Work task: Please return every line of the material verbatim and skip any images.

Given material:
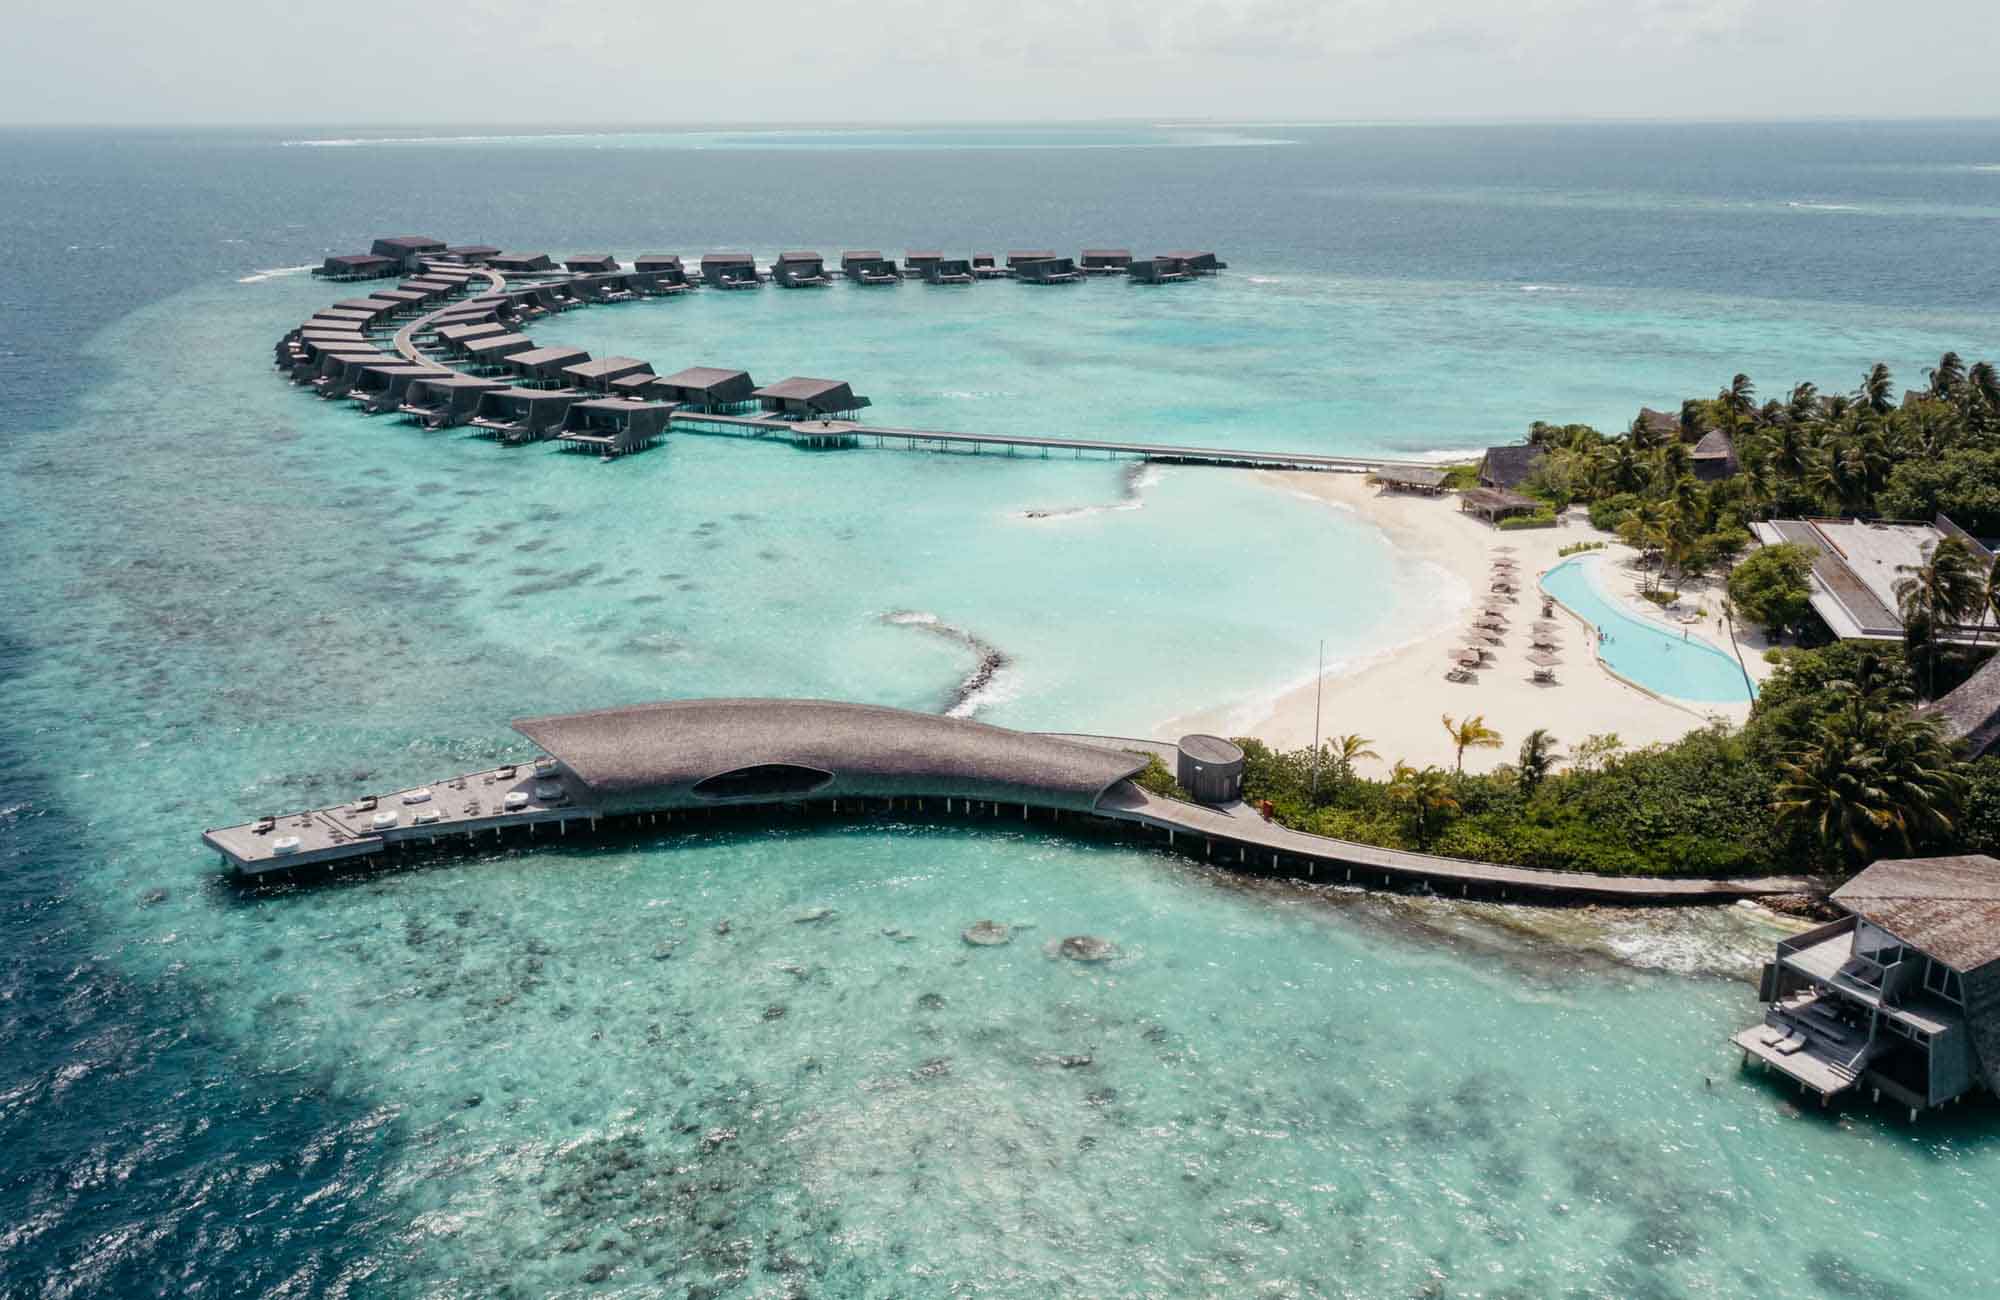  WHAT IT'S REALLY LIKE STAYING AT THE ST REGIS MALDIVES
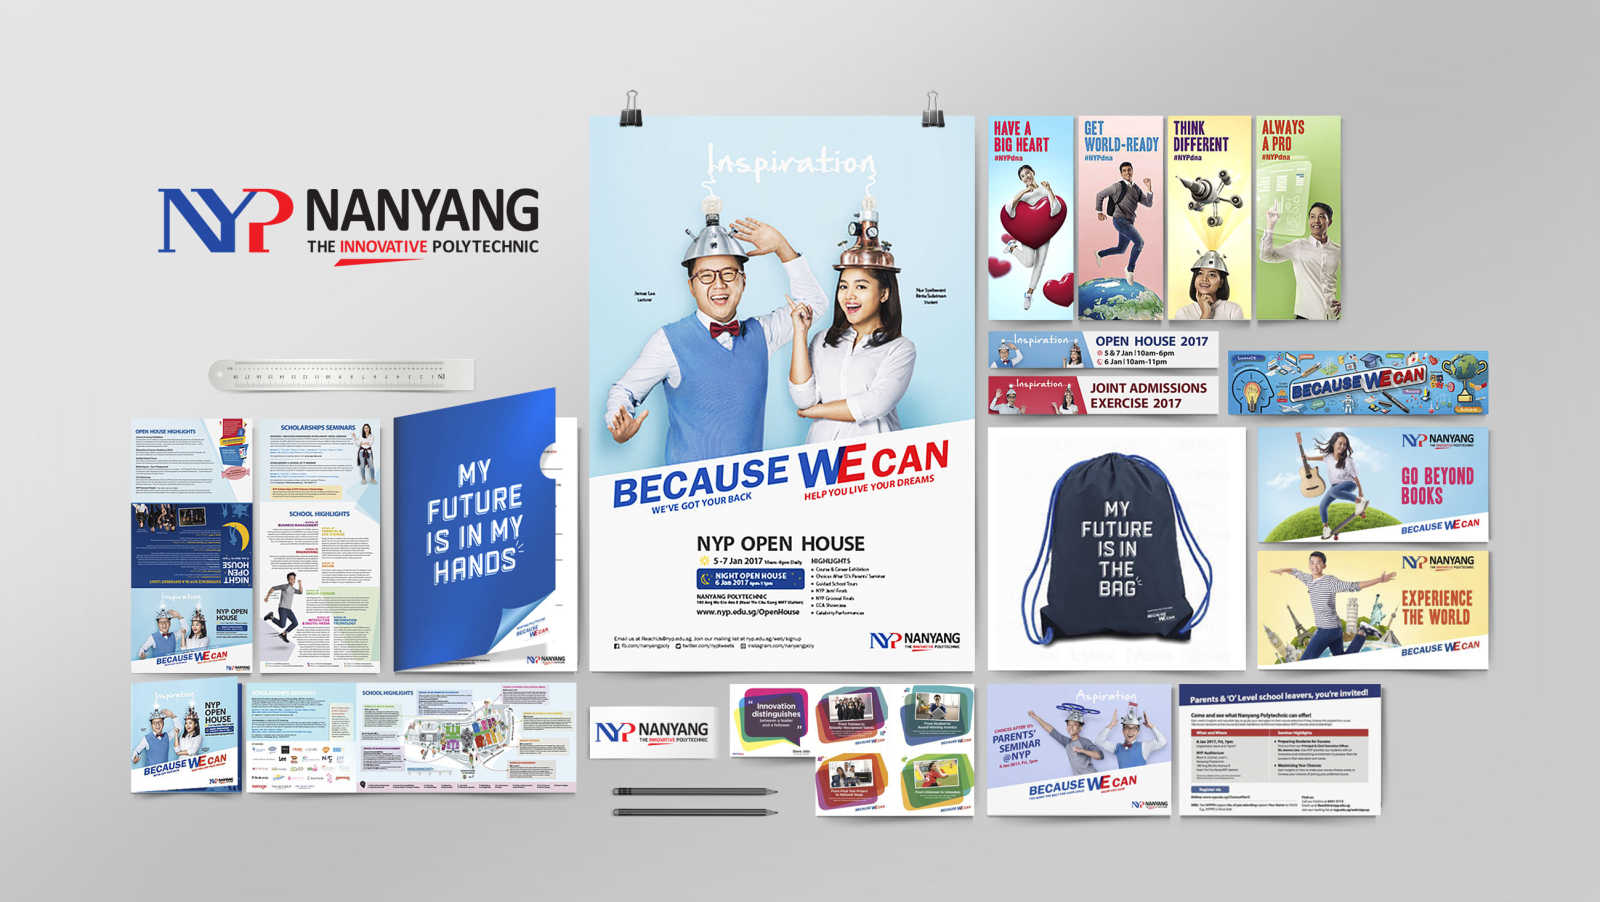 NYP “Because We Can” collateral design
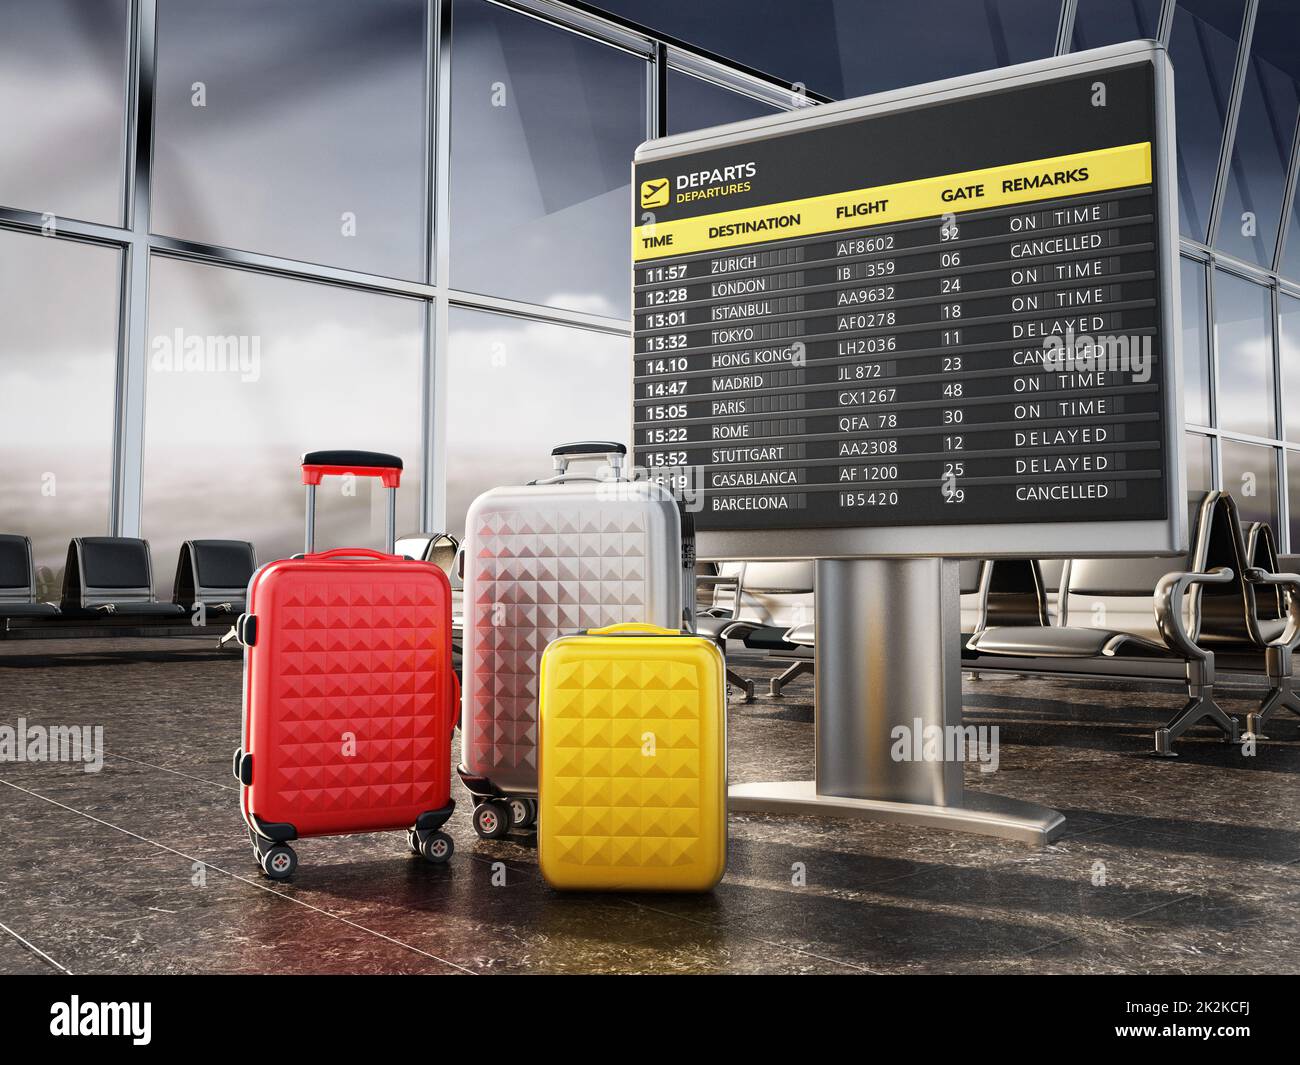 Airport boarding sign, and luggages inside airport waiting room. 3D illustration Stock Photo

Response to the exercise:
  WHAT IT'S REALLY LIKE STAYING AT THE ST REGIS MALDIVES
 NYP “Because We Can” collateral design
 Airport boarding sign, and luggages inside airport waiting room. 3D illustration Stock Photo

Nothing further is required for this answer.